Is there anything I'm not thinking of that would make this obviously not work?  I could imagine someone saying that maybe people won't propose workshops/tutorials if the proposals will be made public?  I find that a bit hard to swallow.  Perhaps there's a small embarassment factor if you're public and then don't get accepted.  But I wouldn't advocate making the voting results public -- they would be private to the organizers / workshop chairs.

I guess -- I feel like I'm channeling Fernando here? -- that another possible issue is that you might not be able to decide which workshops you'd go to without seeing what papers are there and who is presenting.  This is probably true.  But this is also the same problem that the workshop chairs face anyway: we have to guess that good enough papers/people will be there to make it worthwhile.  I doubt I'm any better at guessing this than any other random NLP person...

So what am I forgetting?

09 November 2010

Managing group papers

Every time a major conference deadline (ACL, NIPS, EMNLP, ICML, etc...) comes around, we usually have a slew of papers (>=3, typically) that are getting prepared.  I would say on average 1 doesn't make it, but that's par for the course.

For AI-Stats, whose deadline just passed, I circulated student paper drafts to all of my folks to solicit comments at any level that they desired.  Anywhere from not understanding the problem/motivation to typos or errors in equations.  My experience was that it was useful, both from the perspective of distributing some of my workload and getting an alternative perspective, to keeping everyone abreast of what everyone else is working on.

In fact, it was so successful that two students suggested to me that I require more-or-less complete drafts of papers at least one week in advance so that this can take place.  How you require something like this is another issue, but the suggestion they came up with was that I'll only cover conference travel if this occurs.  It's actually not a bad idea, but I don't know if I'm enough of a hard-ass (or perceived as enough of a hard-ass) to really pull it off.  Maybe I'll try it though.

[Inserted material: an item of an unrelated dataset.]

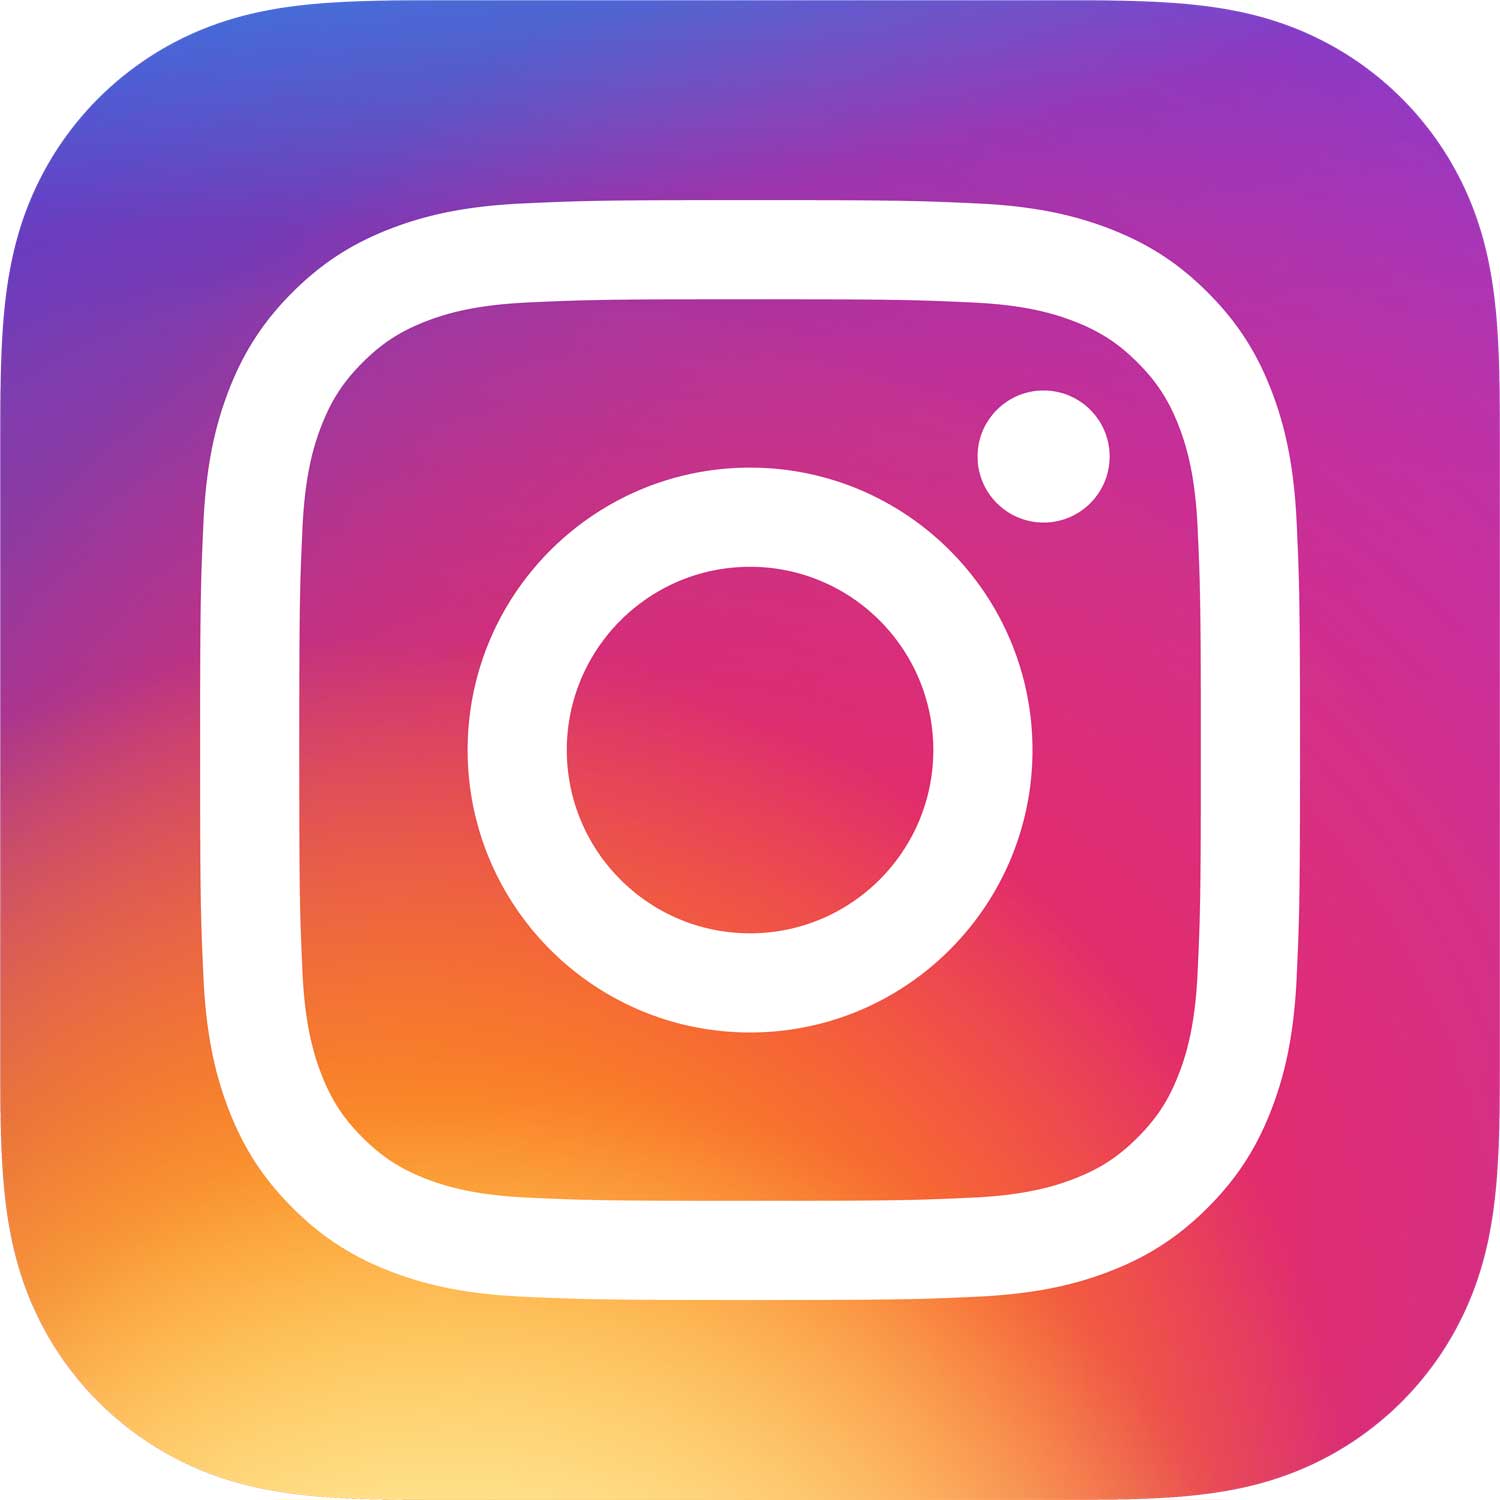 Spy Kowlik bei Instagram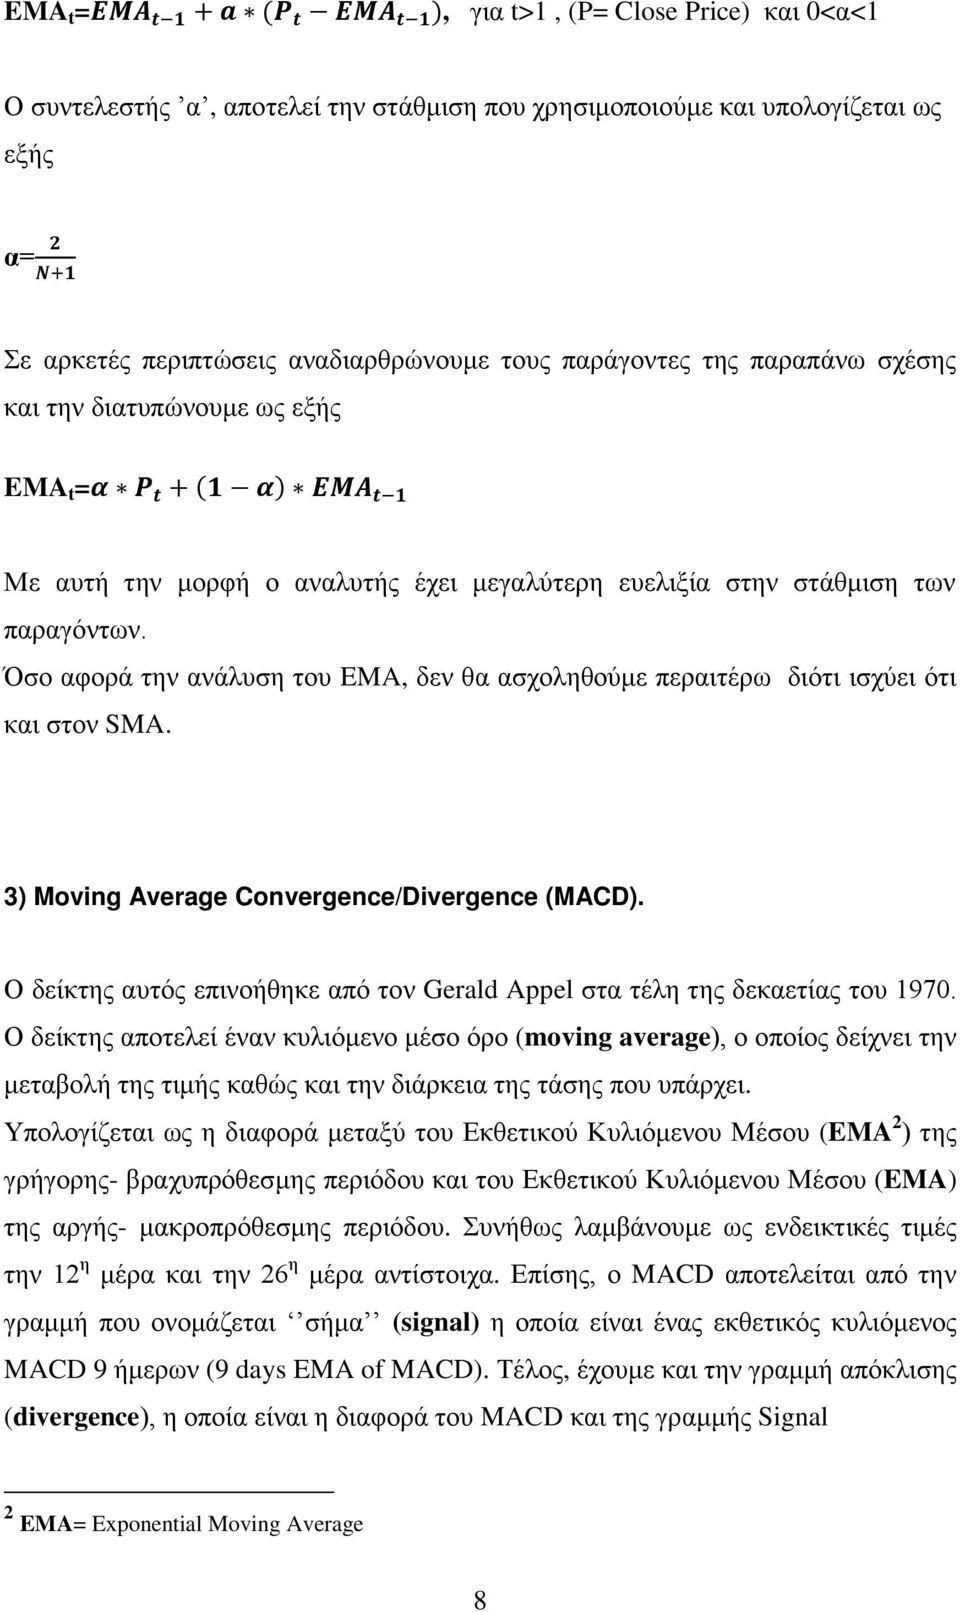 ξτ δνσ δν εαδ κθνsma. 3) Moving Average Convergence/Divergence (MACD).

The bigger question is how to manage such a thing.  I was thinking of installing some conference management software locally (eg., HotCRP, which I really like) and giving students "reviewer" access.  Then, they could upload their drafts, perhaps with an email circulated when a new draft is available, and other students (and me!) could "review" them.  (Again, perhaps with an email circulated -- I'm a big fan of "push" technology: I don't have time to "pull" anymore!)

The only concern I have is that it would be really nice to be able to track updates, or to have the ability for authors to "check off" things that reviewers suggested.  Or to allow discussion.  Or something like that.

I'm curious if anyone has ever tried anything like this and whether it was successful or not.  It seems like if you can get a culture of this established, it could actually be quite useful.